Exercise objective> Begin the copy at the line containing "Hong Kong - restaurant" in the data below and end it at the line containing "Bioshock - Rapture - Steps 1-2", keeping each line exact and leaving out pictures.

Exercise inputs>
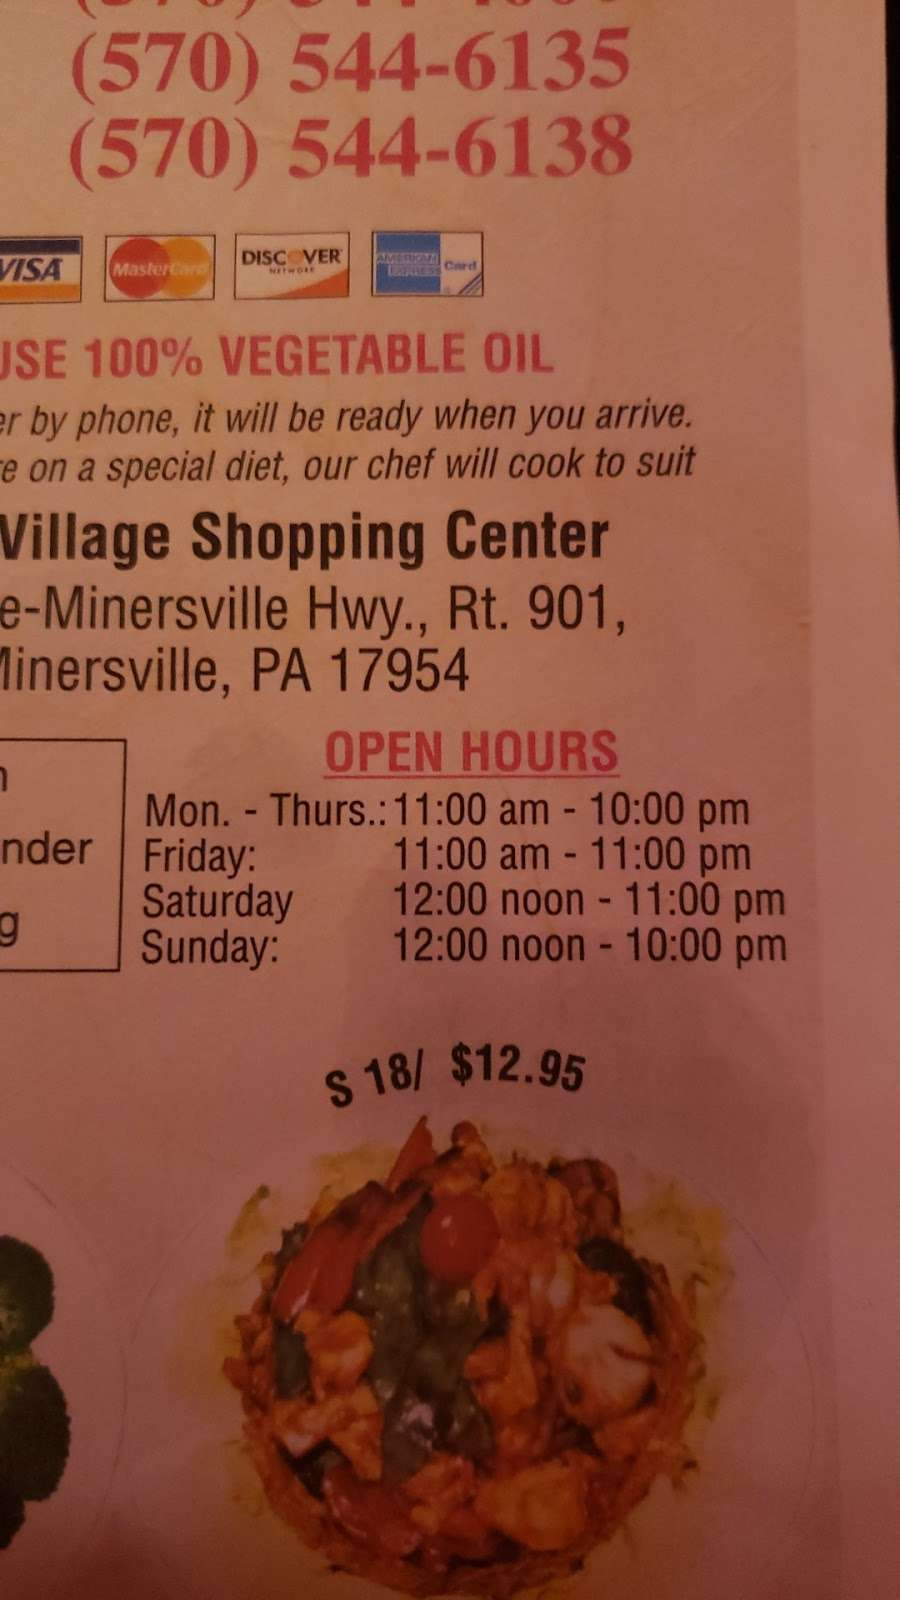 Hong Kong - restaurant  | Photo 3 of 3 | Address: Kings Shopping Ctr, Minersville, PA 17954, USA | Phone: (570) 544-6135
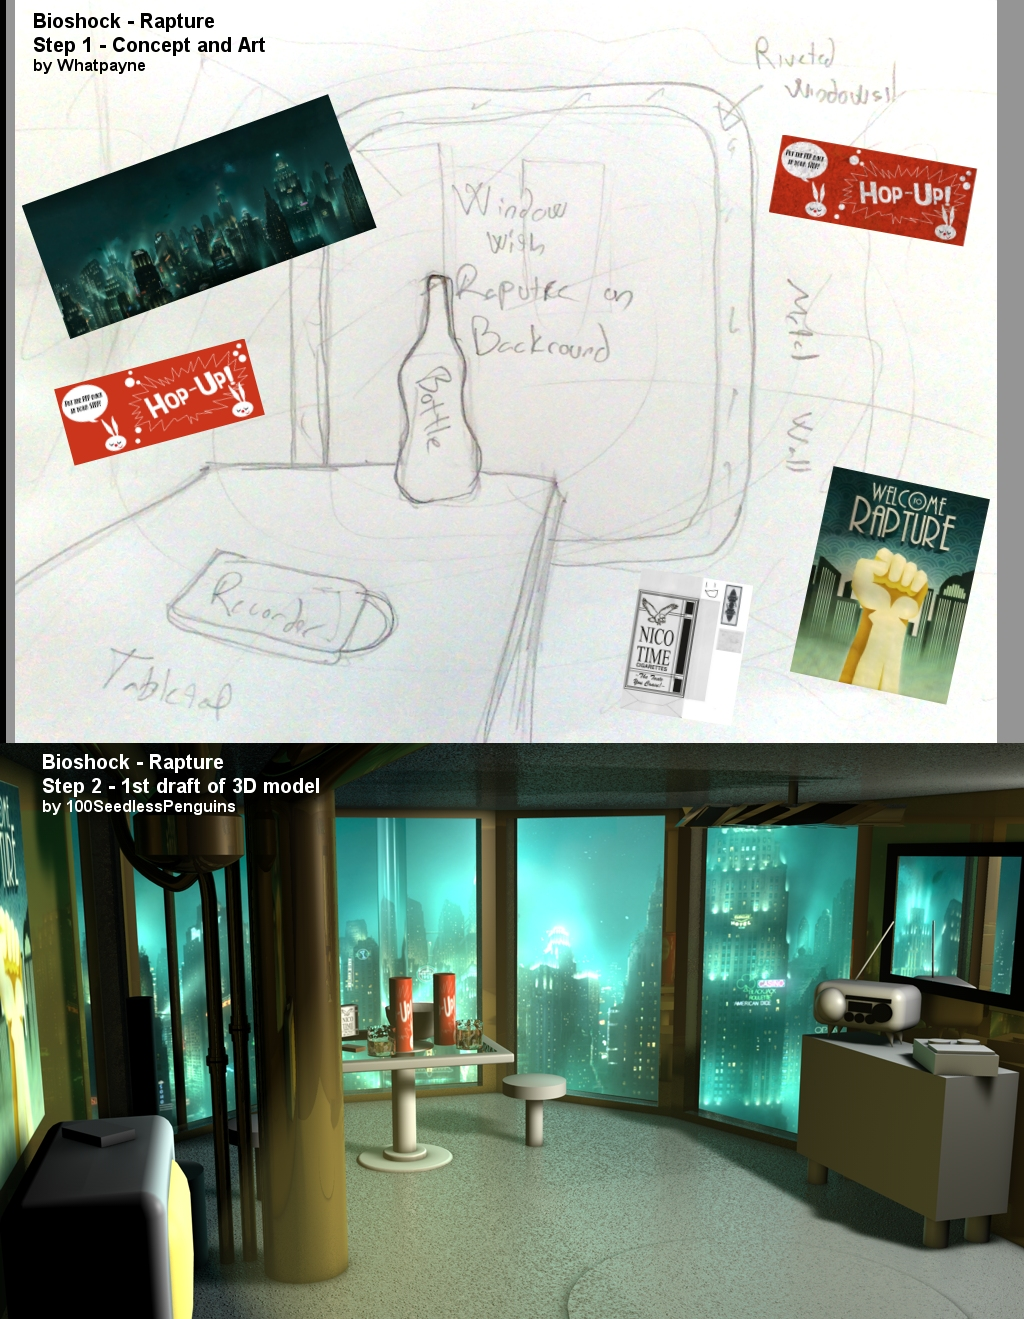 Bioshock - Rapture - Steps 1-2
---
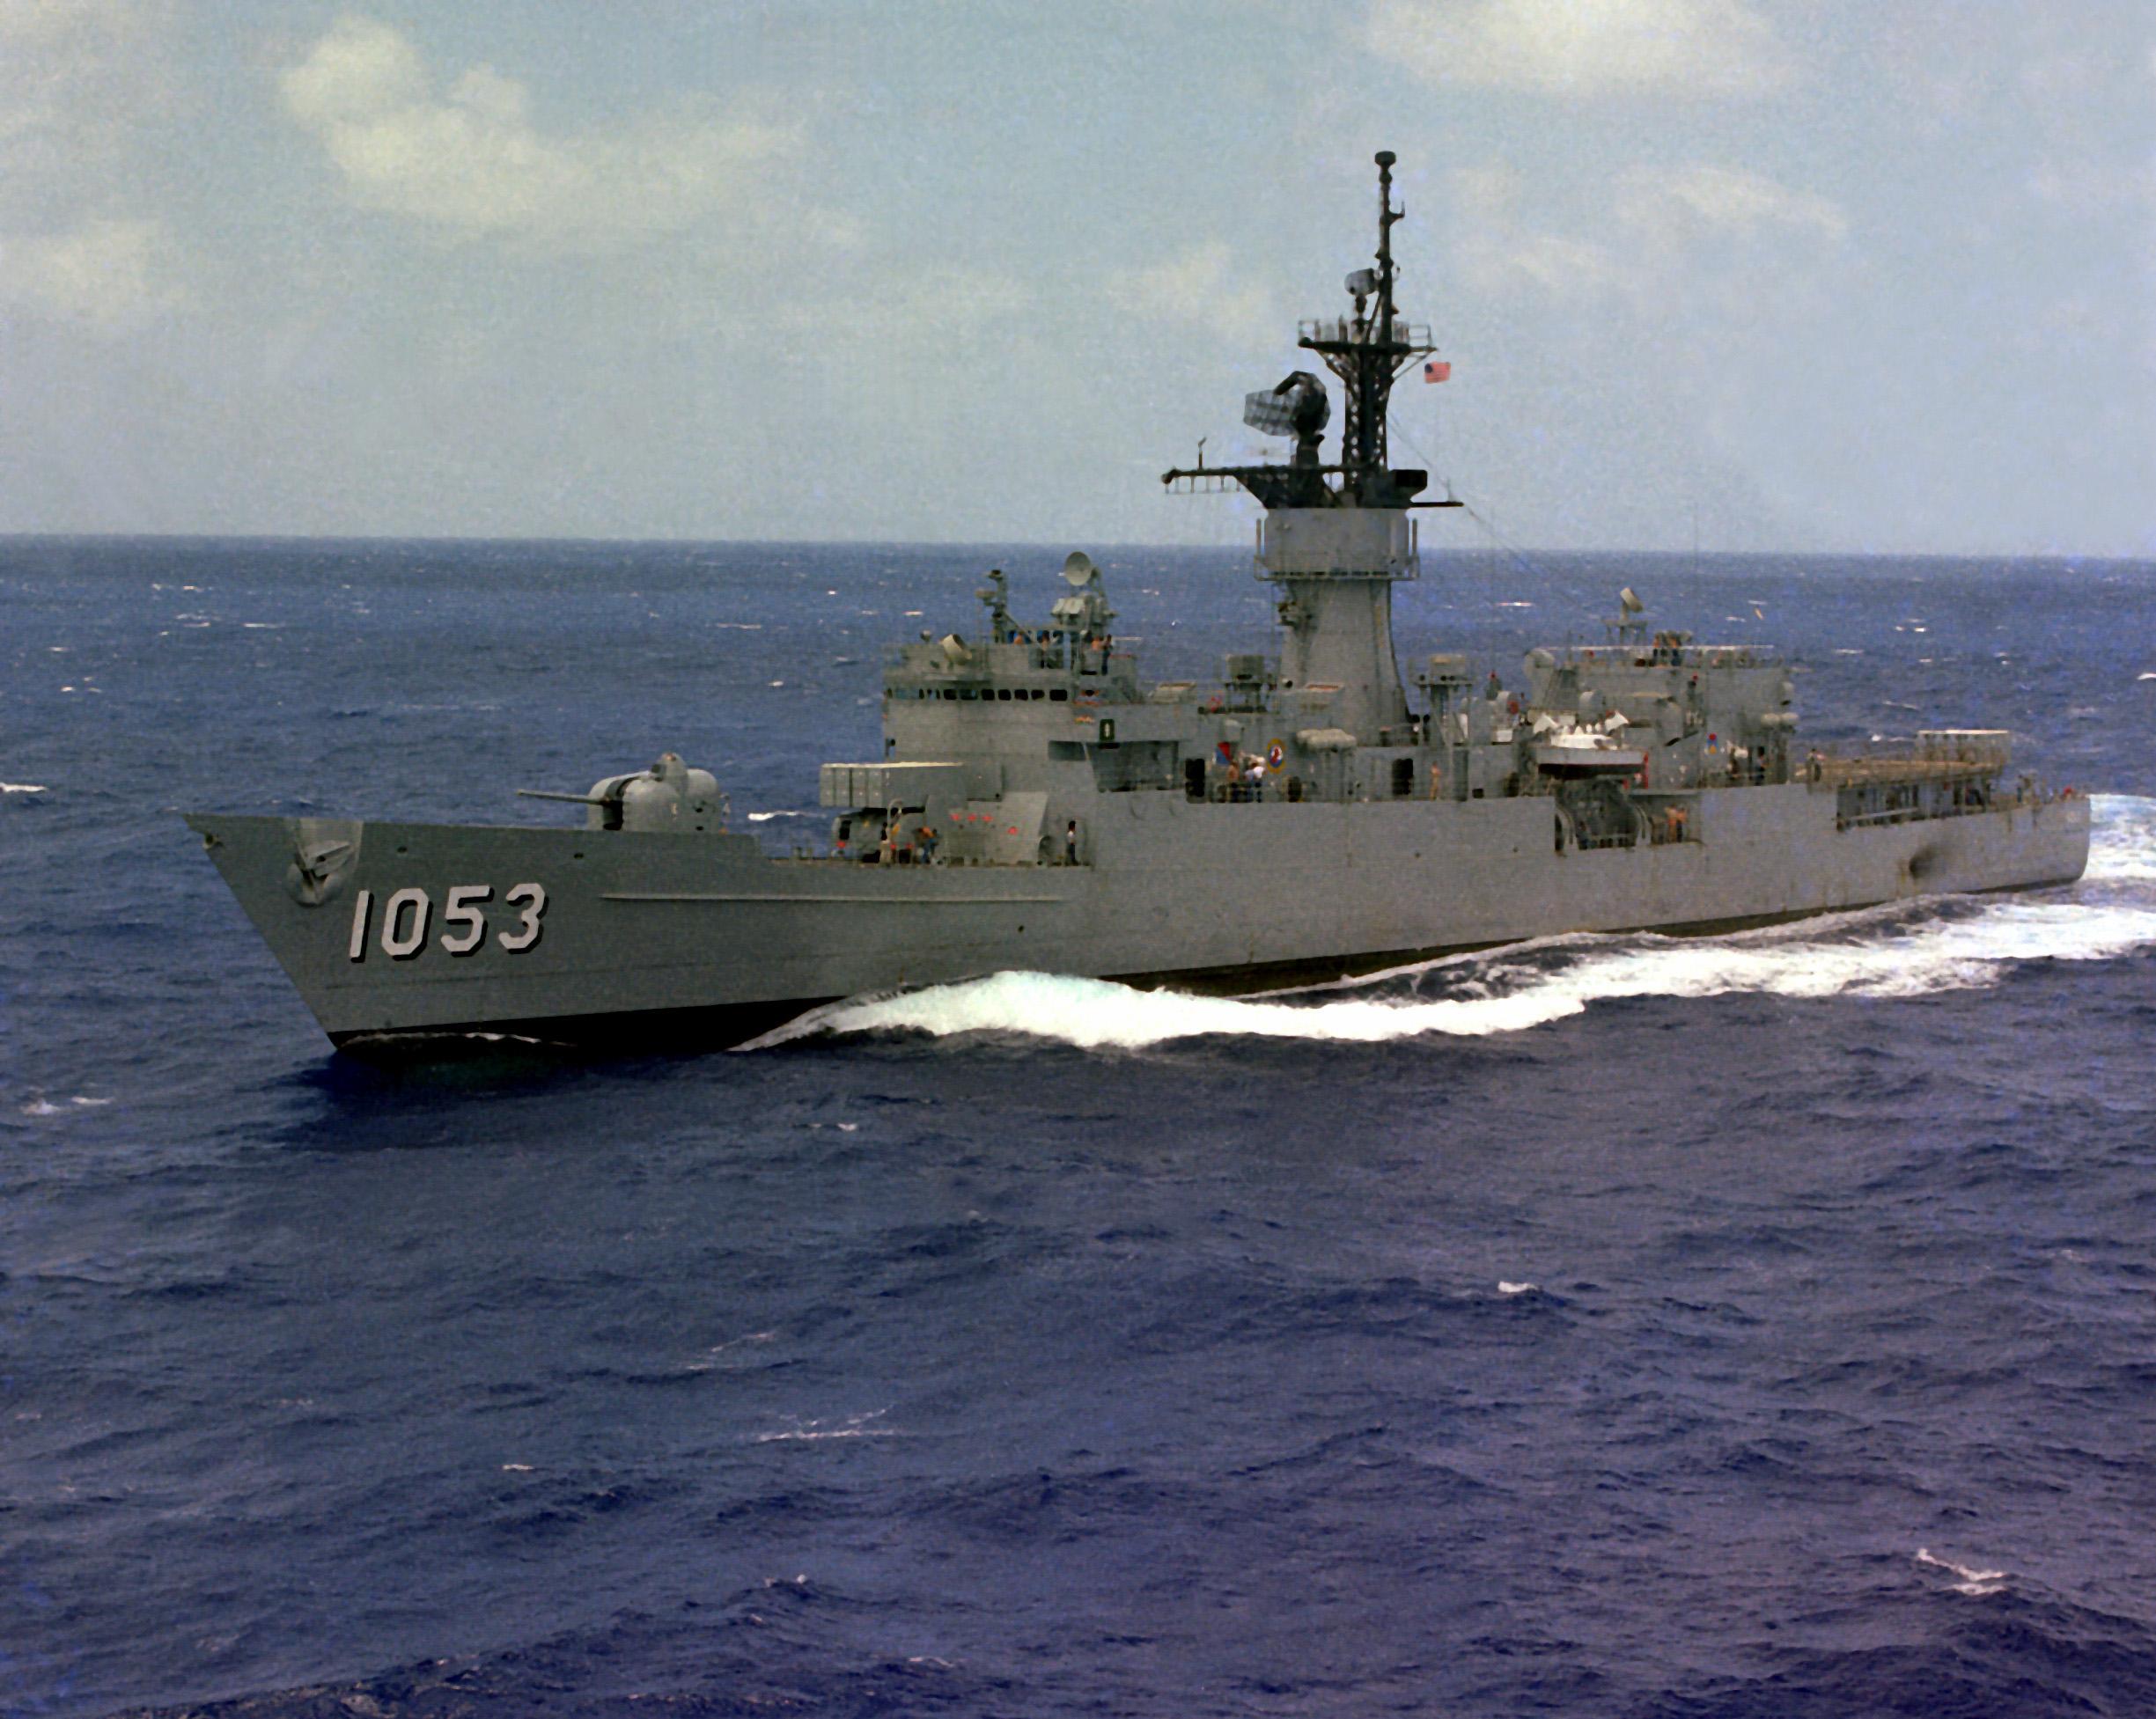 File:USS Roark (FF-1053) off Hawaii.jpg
...
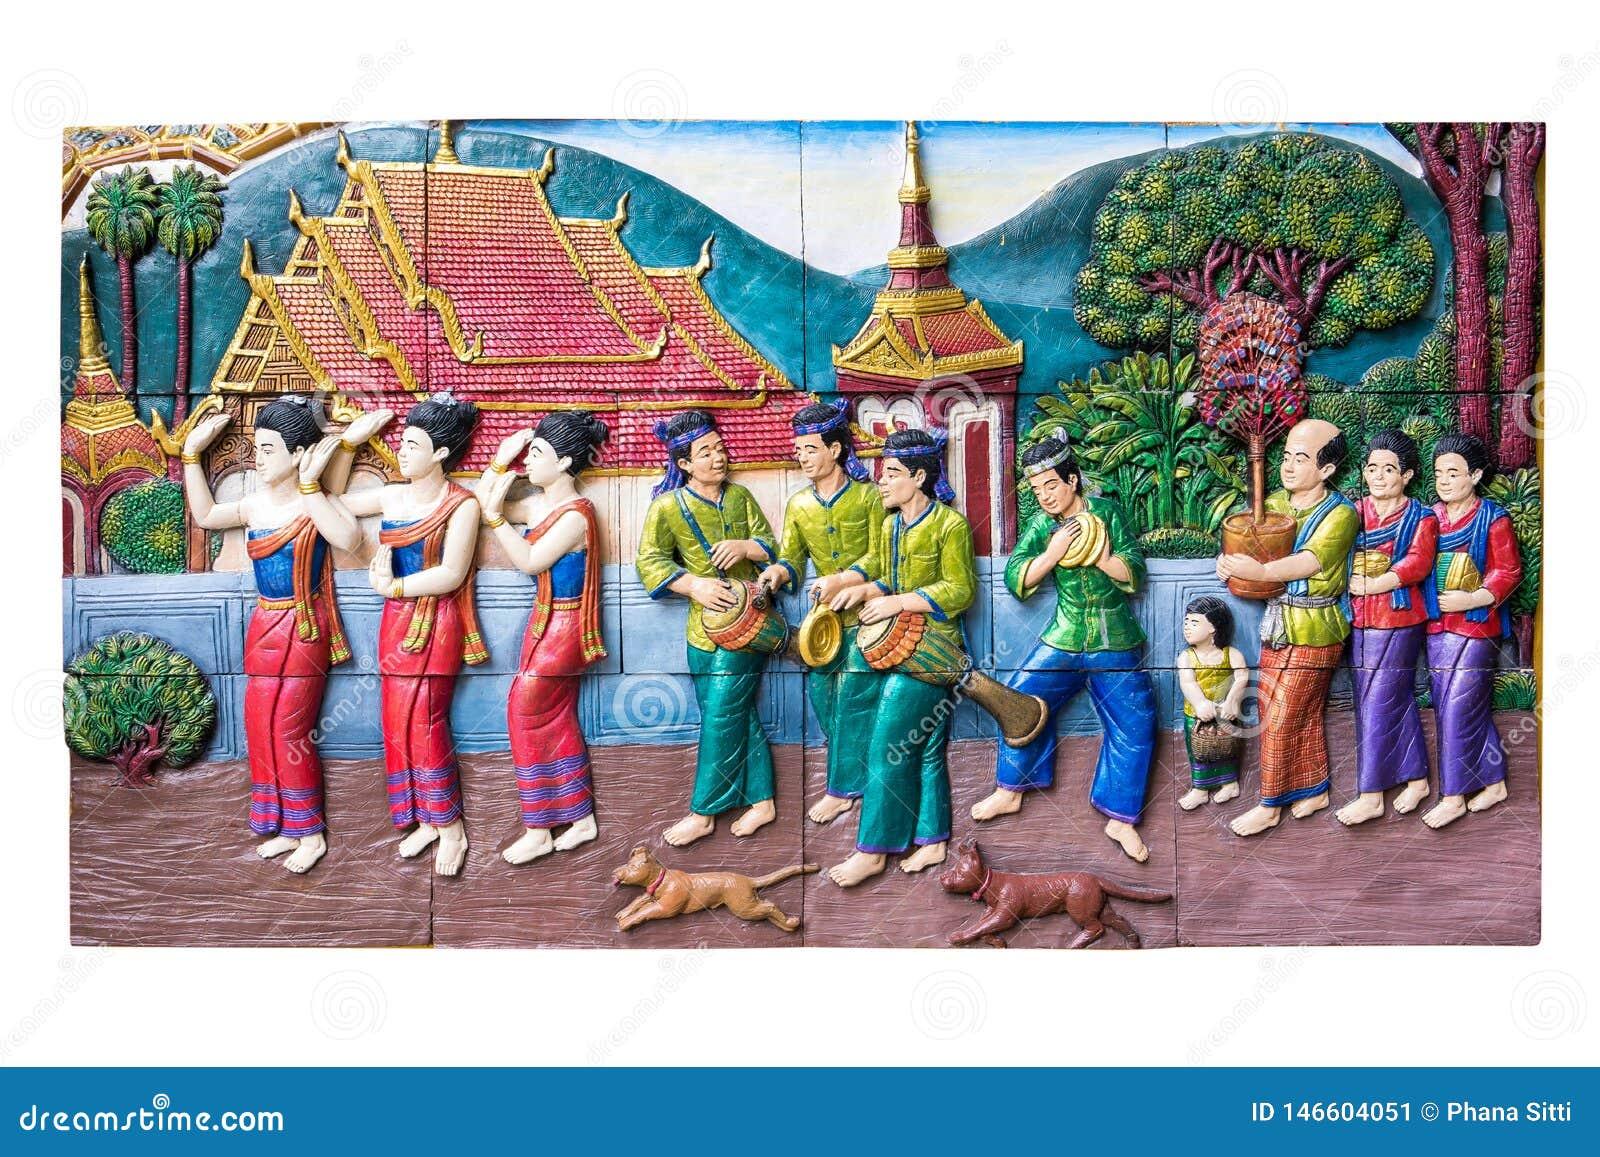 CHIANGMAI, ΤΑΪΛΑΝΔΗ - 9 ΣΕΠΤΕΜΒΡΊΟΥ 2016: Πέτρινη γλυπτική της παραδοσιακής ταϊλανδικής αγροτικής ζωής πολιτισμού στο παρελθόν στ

Result>
 Hong Kong - restaurant  | Photo 3 of 3 | Address: Kings Shopping Ctr, Minersville, PA 17954, USA | Phone: (570) 544-6135
 Bioshock - Rapture - Steps 1-2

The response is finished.